Soy Giovanna Nocentino, cofundadora de Mosaikus de nacionalidad chileno-italiana. Mi historia como emprendedora ha estado siempre ligada a la búsqueda de soluciones que unan la tecnología con la gestión de la sostenibilidad en las empresas. Me he desarrollado profesionalmente en Latinoamérica, en un entorno donde la eficiencia, la seguridad y la sostenibilidad son retos diarios para muchas organizaciones.
En 2022 la vida me trajo a Euskadi. Llegué en el marco de una oportunidad de internacionalización, con una mezcla de ilusión e incertidumbre. La mayor inquietud era si las empresas aquí confiarían en nuestra solución y nos darían la oportunidad de demostrar lo que Mosaikus podía aportarles. Lo que empezó como un viaje de exploración se ha convertido en un nuevo capítulo para la empresa y para mí. A finales de ese mismo año establecimos aquí nuestra gerencia general y, desde 2023, Bilbao se transformó en el centro de operaciones de Mosaikus.
Ser emprendedora migrante es un camino de contrastes
Implica enfrentarse a la incertidumbre de no contar con las redes de apoyo que uno conoce en su país, pero también supone la oportunidad de mirar las cosas con otra perspectiva. En Euskadi encontré un entorno que combina profesionalidad y cercanía: instituciones que creen en el emprendimiento, programas de apoyo que realmente acompañan y una comunidad abierta a la colaboración. Esa sensación de no estar sola es fundamental para seguir adelante.
Desde mí, emprender fuera de tu lugar de origen es un ejercicio de confianza. Confianza en lo que has construido, confianza en adaptarte a un entorno nuevo y, sobre todo, confianza en que tu propósito tiene sentido más allá de las fronteras. He aprendido que la innovación no es sólo cambiar lo que haces, sino atreverse a creer que hay otra manera de hacerlo mejor. Esa frase me acompaña cada día.

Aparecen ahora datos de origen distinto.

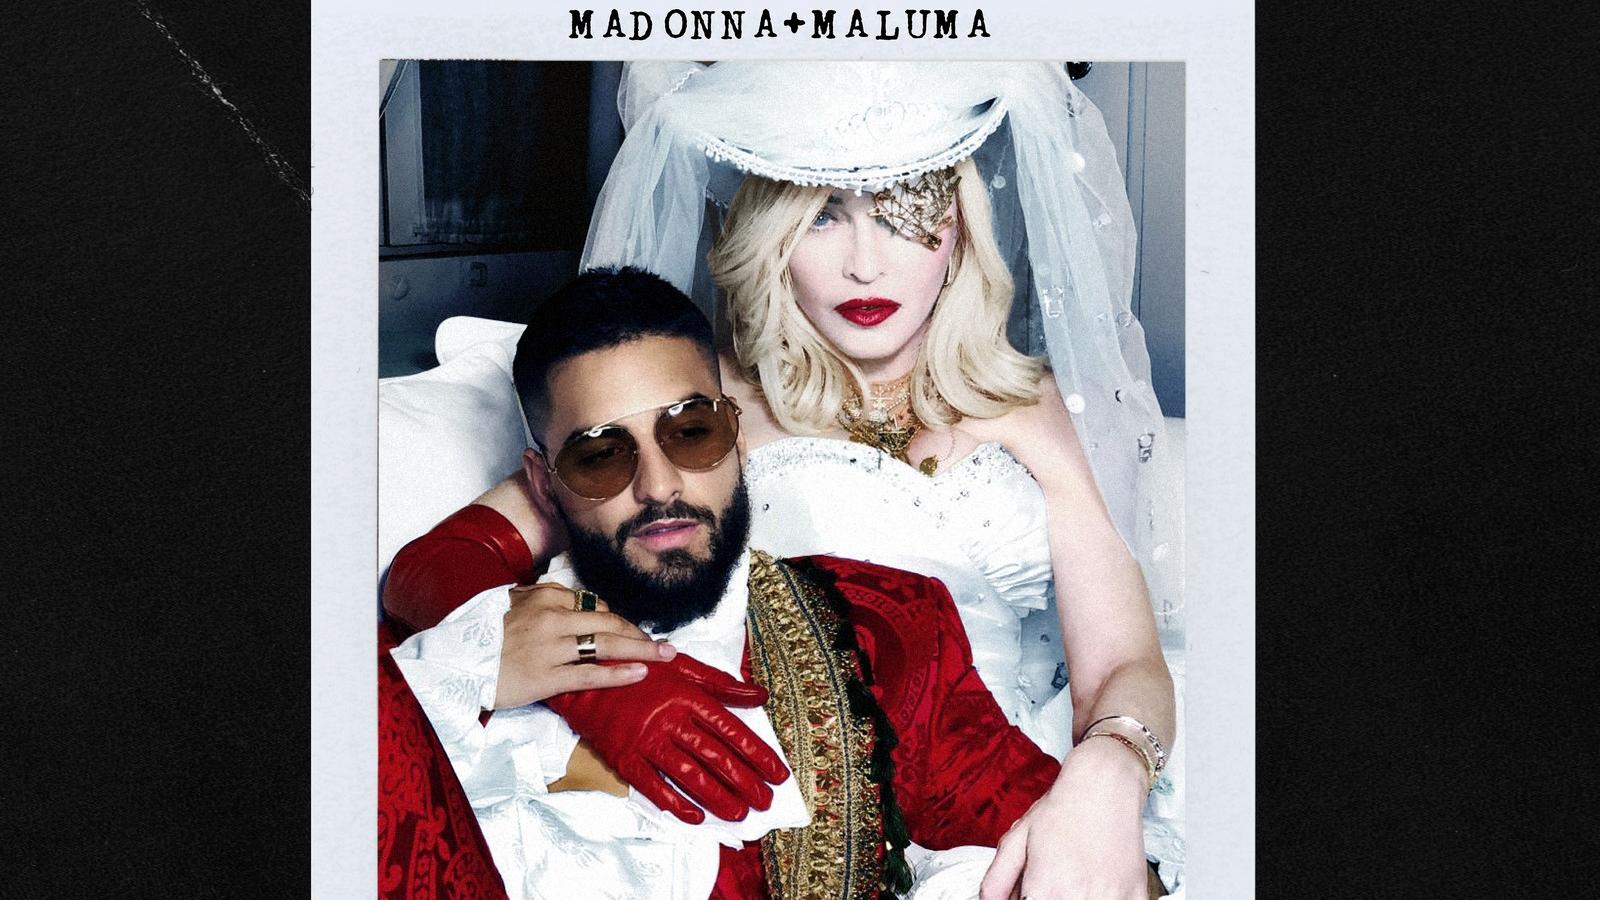 Relaxa, Madonna sabe o que está fazendo.

Hoy miro atrás y siento que la decisión de apostar por Euskadi fue la correcta. No ha estado exenta de problemas, pero ha valido la pena. Porque emigrar y emprender al mismo tiempo no es únicamente un acto de atreverse: es una forma de construir puentes, de tender lazos entre culturas y de demostrar que las ideas, cuando tienen propósito, pueden crecer en cualquier lugar.
En este proceso de adaptación y crecimiento, descubrí algo igual de valioso que una buena estrategia empresarial: la importancia de rodearte de personas que reman en la misma dirección. Así fue como llegué a la Asociación EmakumeEkin, una comunidad de mujeres emprendedoras que comparten valores como el apoyo mutuo, la sororidad, la colaboración y el compromiso con el desarrollo sostenible y humano del emprendimiento.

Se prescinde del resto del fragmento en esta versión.